Harboring continued inside Meany Center, several vignettes taking place on different riggings. A movement ensemble dressed head to toe in white mingled with the audience, their faces illuminated by lights emanating from underneath their white umbrellas. These volunteers from the local community helped in part to connect the disparate scenes of this lengthy work but more importantly served to smooth the logistical transitions of attaching and detaching dancers from the various apparatuses. Two BANDALOOP dancers wearing white petticoats performed a scrambling duet attached to the same rope on a pulley. As one dancer descended, the other was pulled upward, sometimes fighting one another and sometimes working cooperatively. When an ominous rainstorm sounded and strobe lightning flashed, two other dancers shot out from the sides of the house to swing dangerously over the audience.
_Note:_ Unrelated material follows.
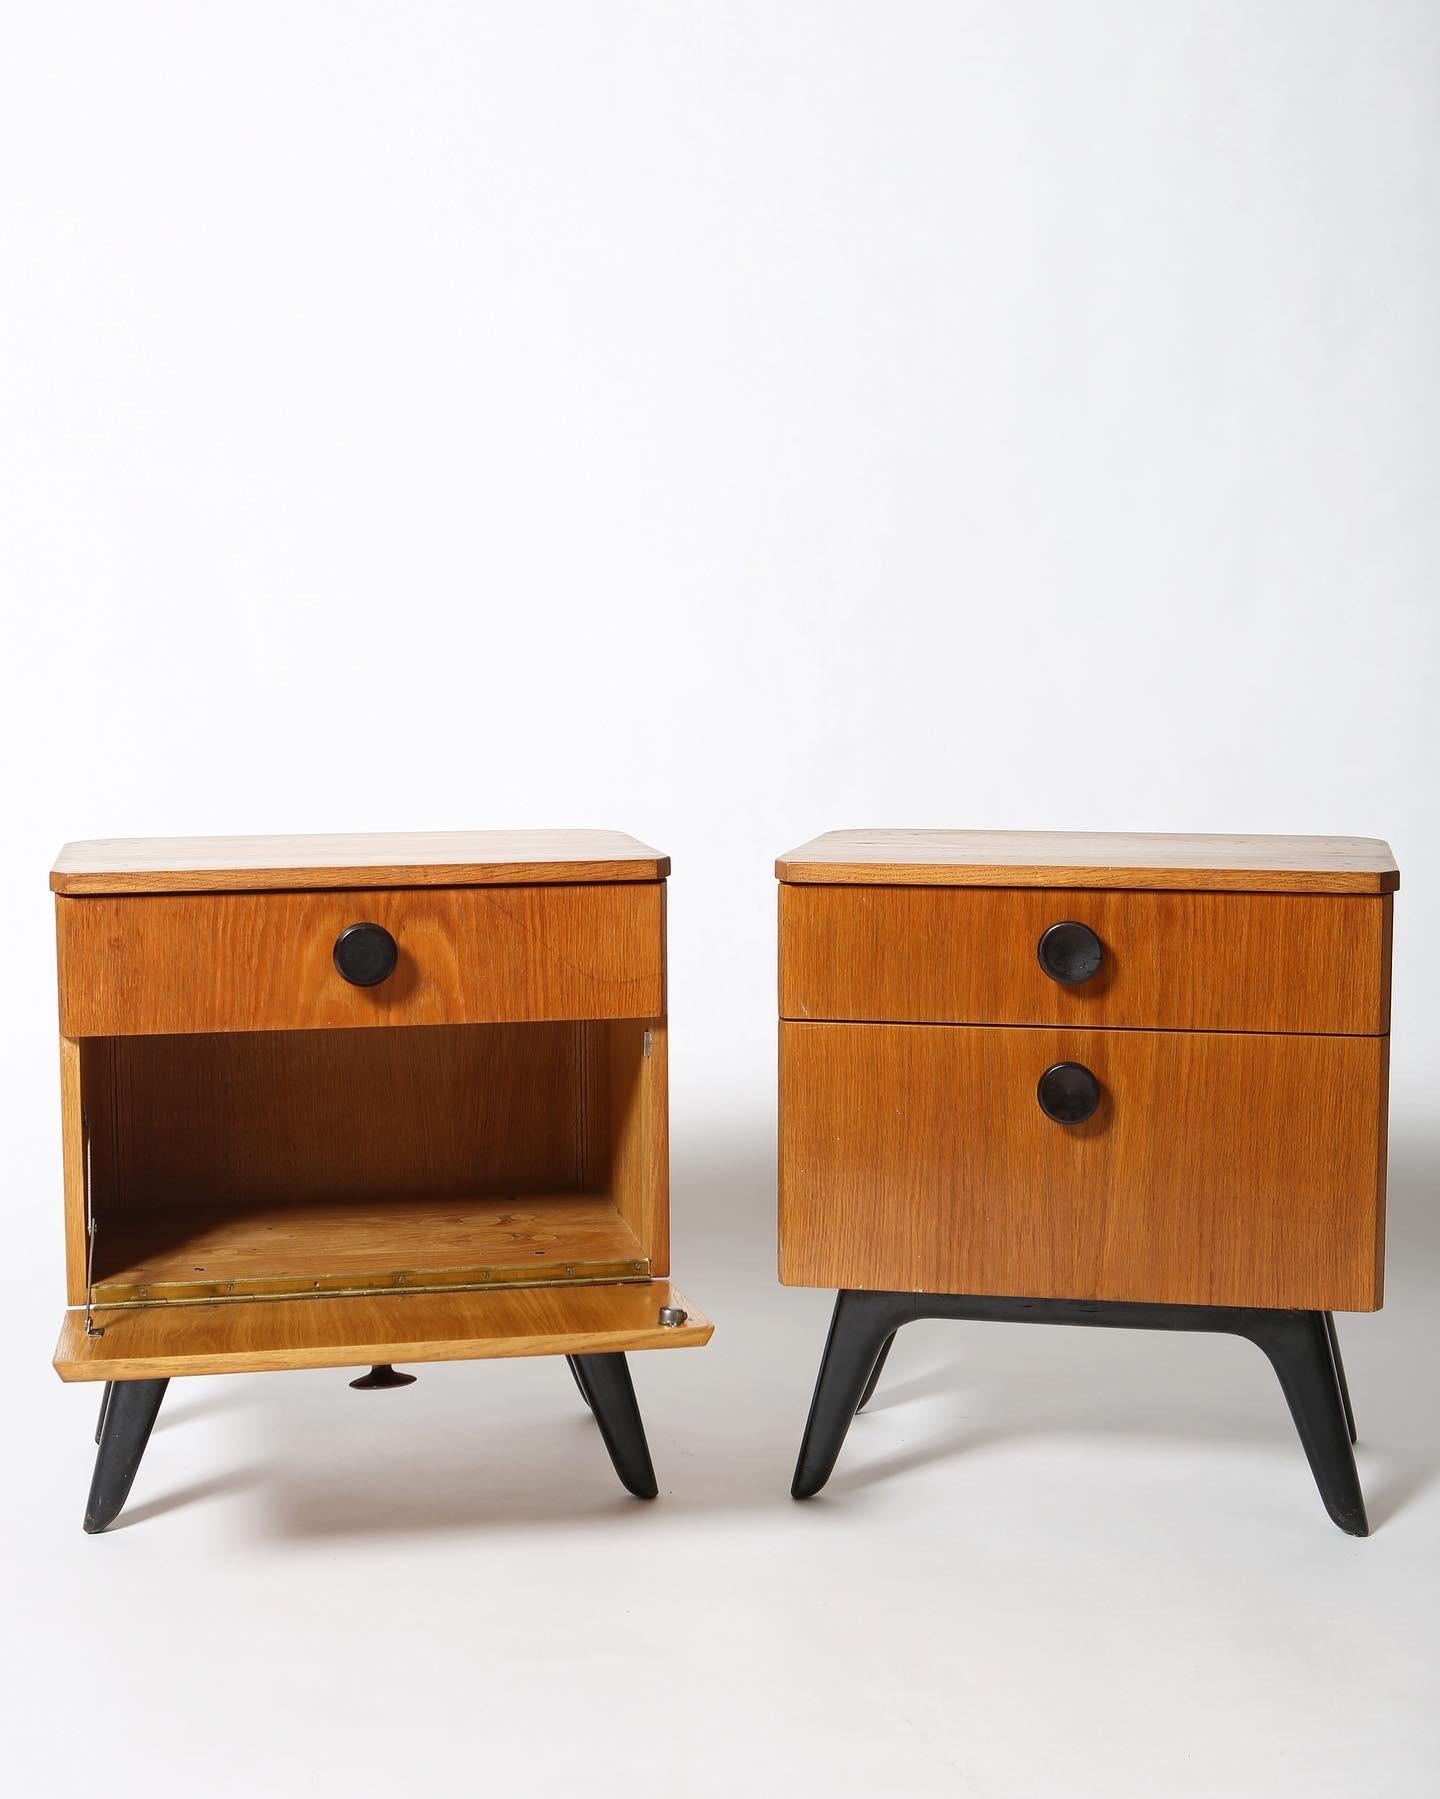 Charming pair of modernist solid oak side tables by Jindrich Halabala. Czech Republic circa 1940s. Each with a top drawer and drop cabinet for storage. Rounded back corners and the wonderful patina of 70 years in use. Excellent condition.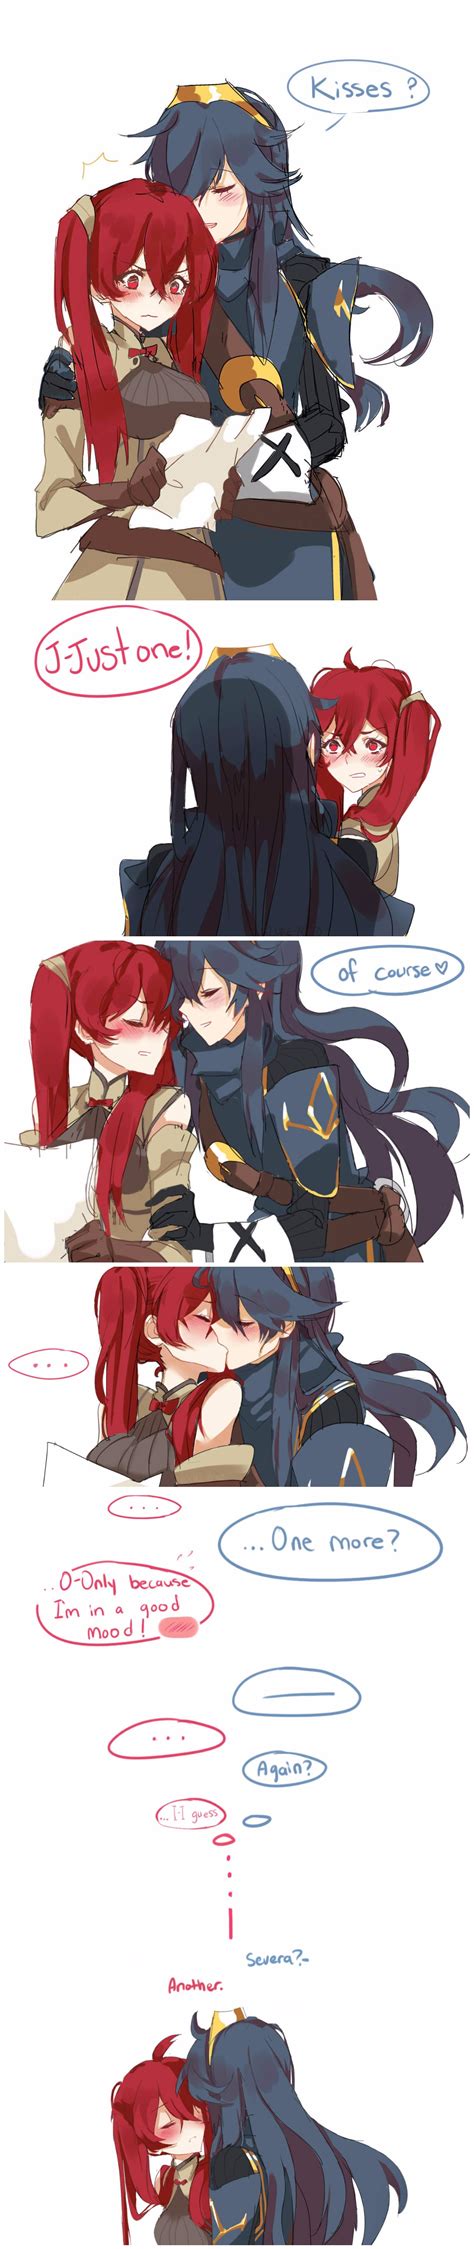 Pin On Lucina

The eerie musical selections, by Mark Orton and Gideon Freudmann, enhanced the dancers’ illustration of peril.

 

BANDALOOP’s signature “multi-dimensional” style was eventually surpassed the work’s human themes, especially during a notable and poignant duet, entitled Two Point, between Rachael Lincoln and Melecio Estrella. The two dancers faced each other, each connected by two ropes to a swing. Only at the very apex of their curves, could the two dancers reach out across the void separating them, and embrace.

Photo by Warren Woo

In this new setting, swinging and hovering in the air, commonplace movements became fresh and difficult skills became even more amazing. What elevated BANDALOOP’s work from merely entertaining to artistically expressive was the dancers’ performative intention that the ropes and harnesses were only a natural augmentation of their already superhuman abilities. BANDALOOP’s performance also included a dance film shot in Yosemite National Park and a new work, Strings, created during a week residency at the Meany Center this August.